The H1N1 virus caused the Spanish Flu in 1918-20.  The Big One, where about a third of the world population got infected, and 50 million died.  Remember, COVID-19 world deaths so far are only just bit above 2.5 million.  And the number of people then on Planet Earth was only 1.8 billion.  I'm repeating myself, but today, 7.7 billion.  Do you remember when this virus returned and caused a more recent pandemic?  

Of course you don't.  We forget so quickly.  IT WAS IN 2009 THAT H1N1 RETURNED AS THE SWINE FLU TO CAUSE A PANDEMIC AND INFECT UP TO 1.4 BILLION!!  Want to guess how many COVID-19 cases so far? 0.16 billion.  HOW EASILY WE FORGET.  You would think that the world would panic, for this was the same virus that killed 50 million a century before.  No mask, no jobs lost.

So what happened in 2020 that uplifted just a coronavirus outbreak into something beyond the pale?  Since 2009 SOCIAL MEDIA matured into a powerful force that apparently went out of control.  CLEARLY, SOME SERIOUS THOUGHT NEEDS TO BE GIVEN TO WHAT HUMANITY WILL DO WHEN THE NEXT POTENTIAL PANDEMIC COMES ALONG!  It could well be a variant of a coronavirus or a type A.  But that's irrelevant.  How can science, society and politics work together in a cohesive manner to control the next pandemic?  I think part of the solution is suggested in my Huffington Post article of a decade ago:  A Pandemic Worse Than the Swine Flu.  I blamed the media then, more in jest.  This time I think they, in the form of social media, caused the pandemonium.

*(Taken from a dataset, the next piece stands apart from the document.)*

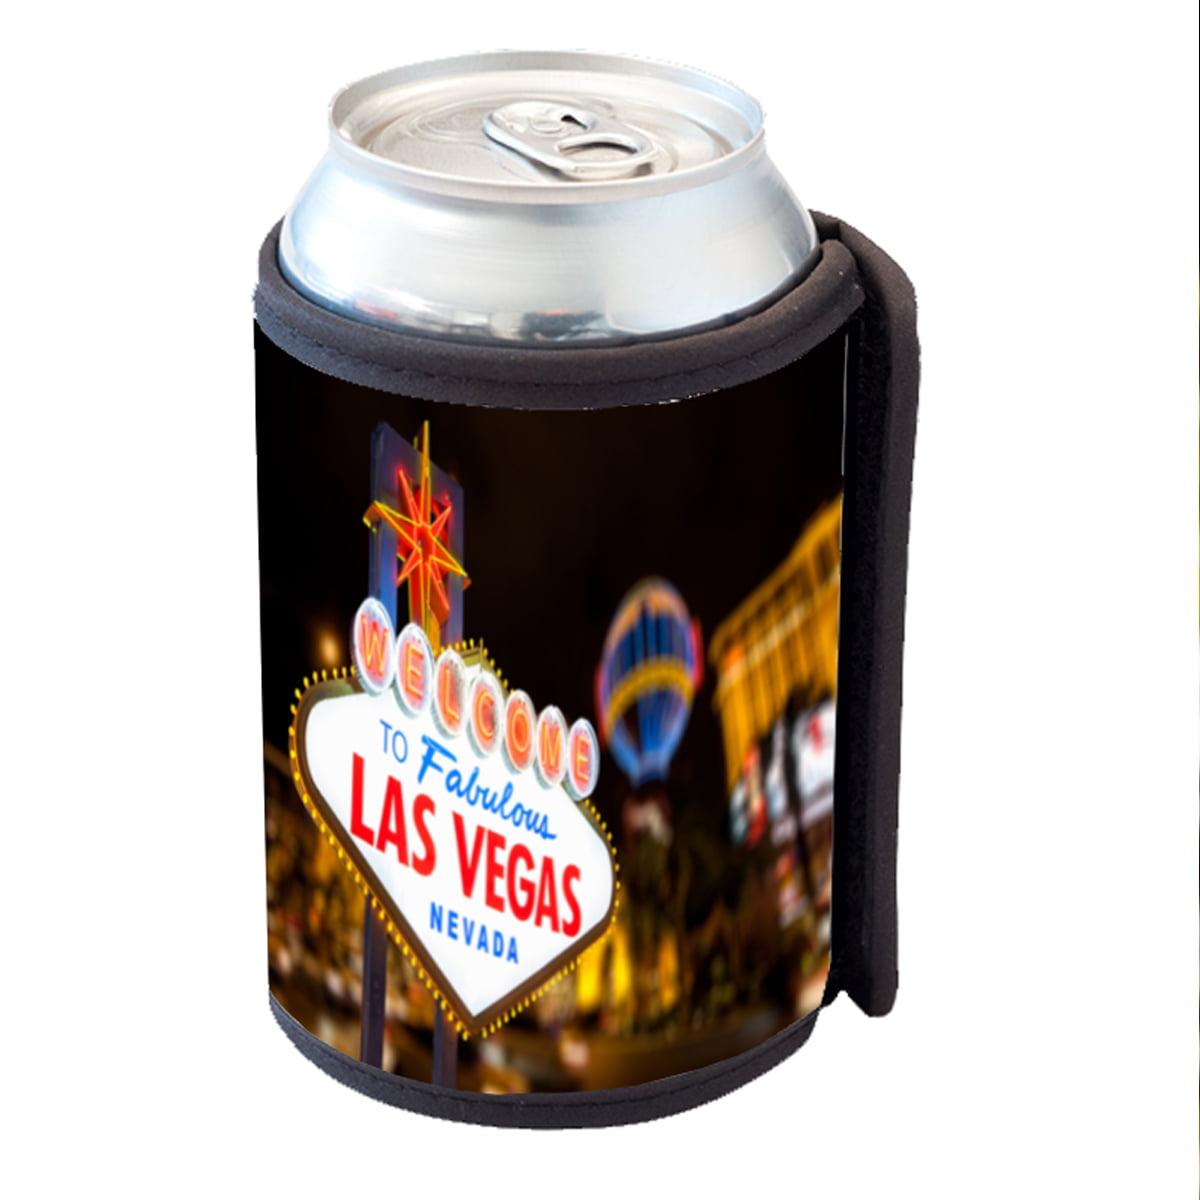 KuzmarK Insulated Drink Can Cooler Hugger - Fabulous Las Vegas

Changing subjects, did you know that the ten most dangerous cities are located geographically below the USA?  Oh well, this is a Saturday, so let me end with a few maps we get in our e-mail from friends.  The first one shows how Brazil has so many homicides that their number equals that of all those blue countries, combined.  Just deleted Brazil from my next around the world journey, plus anything south of the U.S.

How large is Australia?


The U.S. rail network is largely missing:
Add the populations of the red and orange areas, and they are the same;
The population in each below segment is the same:

Finally, here is a lady who has lived a full life.  Lucile Randon, or Sister Andre of France, survived the 1918 Spanish Flu Pandemic, but unfortunately caught COVID-19.  At the age of 117, the second oldest person in the world to Kane Tanaka of Japan.  She tested positive in mid-January.  However, she was luckily asymptomatic.  For her latest birthday she enjoyed a feast of Champagne, red wine and port.  Hmm...sounds like me.  These went with foie gras and a capon (castrated rooster) with fragrant mushrooms.  Just like me.  She skipped dessert and had a nap.  Wow, me again.